We tested 108 participants, out of which 17 were excluded before analysis for neurological medication use (9), head injuries and (4) excessive noise in ERP data as determined with standard artifact rejection criteria (3) (Luck, 2014). Additionally, one participant who did not follow an instruction ‘to choose strongly disagree’ while filling out post-experimental questionnaires (an attention check included) was also excluded. This resulted in a total of 91 participants, 45 females and 46 males, from 18 to 34 years of age (M = 19.11, s.d. = 2.11). The exclusion was no different across conditions and left 44 participants in the relational priming condition and 47 in the control priming condition. For all the participants included, valid electroencephalogram (EEG) data were available for at least a half of the trials in each of the conditions.

Procedure

After providing informed consent, participants were set up for EEG recording. They then completed a locator task, which was used to subliminally induce relational goals (Bargh and Chartrand, 1999; Lakin and Chartrand, 2003; Kimel et al., 2012). Participants were told that they would see a flash on the computer display and asked to report the location (left or right) of the flash using the arrow keys on the keyboard. The flash consisted of a 62 ms presentation of a word, followed by a mask, ‘XQFBZRMQWGBX’, for another 62 ms. With this presentation, the prime was expected to be subliminal (Kimel et al., 2012). Participants had been randomly assigned to one of the two priming conditions. In the relational priming condition, all the four priming words were relational (friend, partner, together and affiliate). In the control condition, they were not (table, neutral, room and vertical). There was a total of 80 trials, with each of the 4 words presented 20 times in a random order.

The locator was followed by a norm-violation judgment task. As shown in Figure 1, each trial started with a fixation point (‘+’) presented for 750 ms at the center of the computer screen. Then, a word or phrase representing a location or situation (e.g. bike lane) was presented for 1000 ms, followed by another fixation point for 750 ms, after which a picture of that location or situation was shown. 2000 ms afterward, a word representing a behavior (e.g. cycling) was superimposed on the picture for 900 ms. Participants had been instructed to imagine someone performing the behavior in the location or situation (e.g. ‘cycling on the bike lane’). Then, a prompt appeared on the screen, upon which participants reported how violating the behavior would be in the situation by choosing a number from a 4-point rating scale ranging from (1 = not violating, 4 = very violating). Before the response prompt, there was an 800 ms interval to ensure that the response would not interfere with ERPs evoked by the behavior. Immediately after the judgment, the fixation cross for the next trial appeared on the screen.

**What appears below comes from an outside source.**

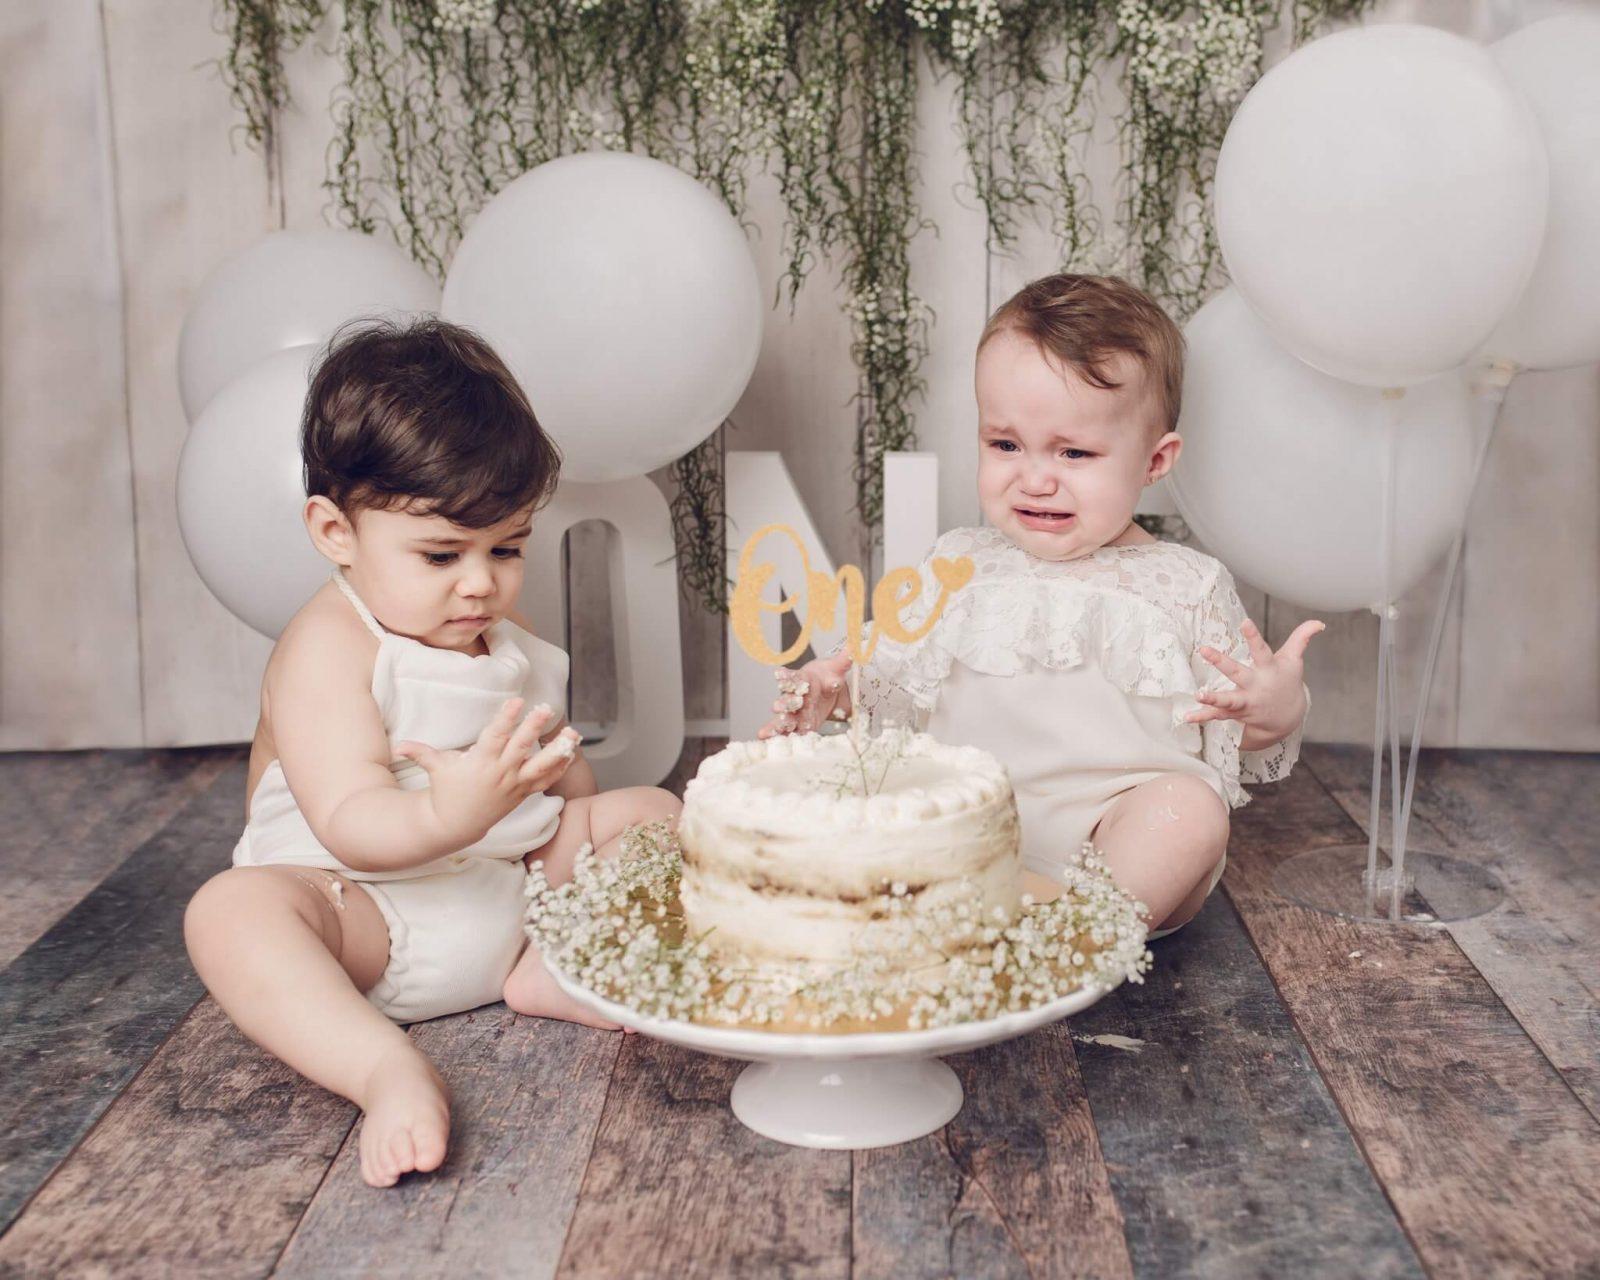 Cake smash photography in London

A total of 34 situation–behavior pairs were adopted from Mu et al. (2015). To preclude any potential confounds due to the behaviors tested, we used the same set of behaviors in the three behavior type conditions. Each behavior was made either normal, weakly violating, or strongly violating by being paired with different situations. For example, ‘cycling’ is normal in a ‘bike lane’, but weakly violating and strongly violating in ‘sidewalk’ and ‘freeway’, respectively. Each of the 34 behaviors was used three times in each of the norm-violation conditions. 10 of the situation–behavior pairs of each of the 3 conditions were randomly repeated to increase the total number of trials, which yielded a total of 132 trials. The order of the 132 trials was randomized for each participant.

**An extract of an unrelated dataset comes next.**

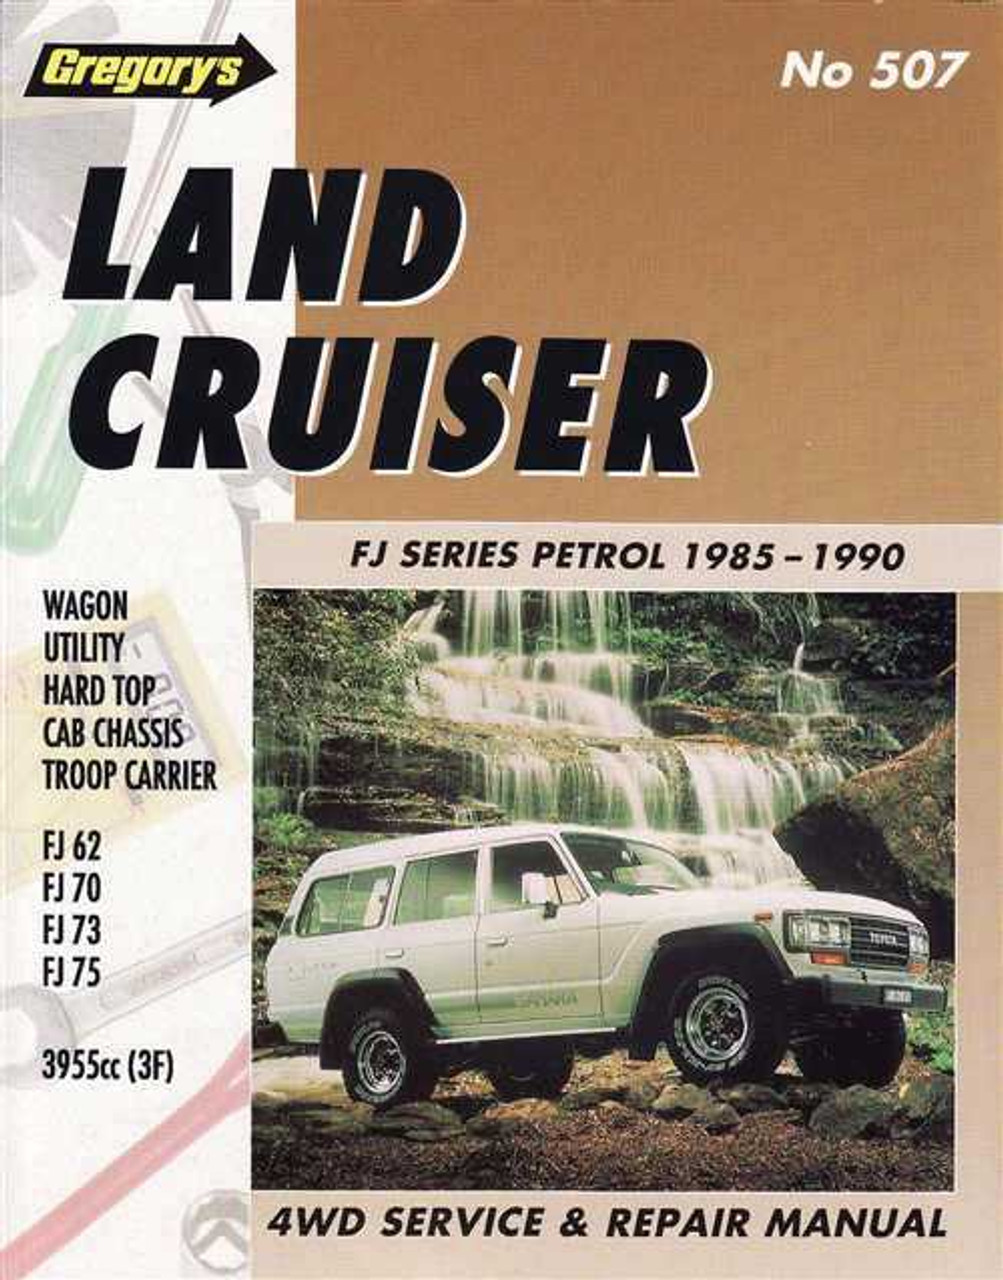 toyota land cruiser fj series 1985 1990 workshop manual rh automotobookshop com au 1990 FJ62 Wiper 1990 FJ62 Wiper

After the norm-violation judgment task, participants were reminded of the locator task and asked if they saw anything in each of the flashes during that portion of the task. Further, when we instituted the double blind priming procedure (after having tested 44 participants), we also included a forced recognition test for the priming words. Participants were given a list of 32 words, of which they had to select the 4 words that they felt had been presented during the locator task. They were asked to make the best guess if they were unsure. The participants then filled out a packet of questionnaires. The packet included the 14-item T/L in the US scale (Gelfand et al., 2011). Participants reported their agreement with items, such as ‘There are many social norms that people are supposed to abide by in the USA’ and ‘People in the USA almost always comply with social norms’, on a 6-point scale (1 = strongly disagree, 6 = strongly agree). For exploratory purposes, we also included a modified version of the Singelis Self-Construal scale (Park and Kitayama, 2014). Additional scales included for exploratory purposes came from Mu et al. (2015). They are measures of constraint in daily life, preference for territorial defense, creativity, vertical/horizontal individualism/collectivism scale, T/L in daily life scale, Rosenberg self-esteem scale and Mattick social anxiety scale. Participants also reported on several demographic questions.

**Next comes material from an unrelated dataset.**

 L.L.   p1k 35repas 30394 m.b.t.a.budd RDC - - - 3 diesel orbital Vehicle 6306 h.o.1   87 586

EEG recording and processing

EEG was recorded with 32 channel electrodes using the BioSemi ActiveTwo system. Six external electrodes were used for ocular correction. The data were digitized at the rate of 512 Hz and resampled at 256 Hz and then offline re-referenced to the average of the two mastoids. The data were analyzed using MATLAB with EEGLAB plugin and ERPLAB extension. An offline Butterworth filter with a low pass of 20 Hz and a high pass of 0.1 Hz was applied. Then, the data were segmented 200 ms pre-stimulus baseline and 800 ms post-feedback (1000 ms in total) and baseline-corrected before the presentation of the stimulus. Before artifact detection, the data were visually inspected for bad electrodes, which were subsequently interpolated using spherical interpolation. Trials were rejected if they exceeded +/− 100mv as determined with a 200 ms moving window with a 50 ms step threshold, if they fluctuated more than 30mv between two sampling points or if they had little to no activity (under 0.5 mv) over the course of the trial. Trials with blinks occurring +/−100 ms around the onset of the stimulus behavior were removed to ensure that the behavior was appropriately attended. All other trials containing blink ocular artifacts were corrected based on a commonly used algorithm (Gratton et al., 1983).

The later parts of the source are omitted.